Turchia o Qatar nel futuro di Cassano

Prigioniero di una probabile indifferenza dell’Inter fino alla scadenza del contratto nella prossima stagione o, per la prima volta, deciso a trasferirsi all’estero. Per il momento, Antonio Cassano sceglie la prima opzione per poi provare a tornare alla Sampdoria a titolo gratuito. Un’ipotesi di lavoro che per ora non entuasisma nemmeno il suo potente agente, l’avvocato Bozzo, che per le mani ha una recente e ricca offerta turca del Fenerbahçe, e una, ancora più appetibile della federazione del Qatar, che sta cercando testimonial preziosi per lanciare i Mondiali nel 2022.

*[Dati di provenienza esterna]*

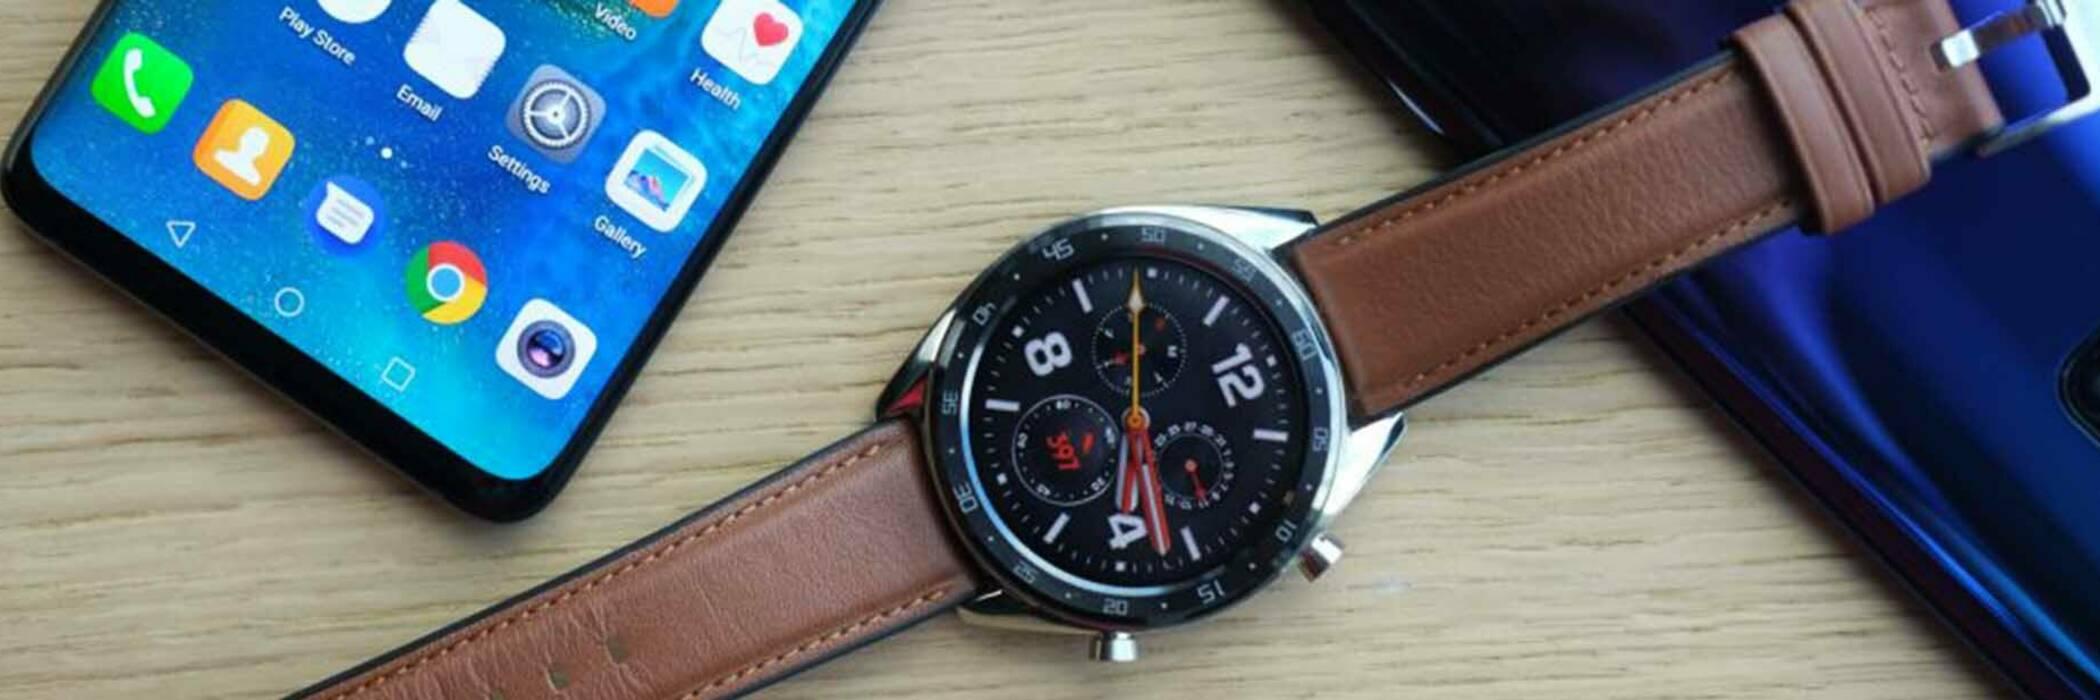 19may huawei p30 watch gt hero

Ma cassano non se la sente ancora di trasferirsi all’estero. Un po’ dispiace anche all’Inter che comunque ha imboccato la strada del rinnovamento e dell’alleggerimento dei compensi e che, dopo l’ultimo scontro tra Stramaccioni e Cassano, anche se per la verità il barese non era risultato così tanto responsabile, vorrebbe fare cassa con il cartellino del giocatore. Messo a bilancio a 4 milioni e mezzo nell’operazione Pazzini, a fine stagione, Cassano comincerebbe a creare una plusvalenza dai 3 milioni in su. Potrà permetterseli subito la Sampdoria? Difficile, praticamente impossibile, anche rileggendo certe dichiarazioni del presidente Garrone. allora, per Cassano, o estero o avventura solitaria in nerazzurro per un altro anno. Difficile al momento che riscocchi la scintilla e la società decida di prolungargli il contratto com’era stato stabilito verbalmente qualche mese fa, prima degli ultimi dissapori. Sul rendimento di Cassano sul piano tecnico ci sono report contrastanti, anche se qualche numero, assist e gol fatti, non è poi così male; ma, dicono da dentro la Pinetina, il feeling con l’ambiente si sarebbe un po’ incrinato e il sacrificio per esempio di Coutinho, dieci anni di meno e anche tanto meno costoso, forse, non ne valeva la pena.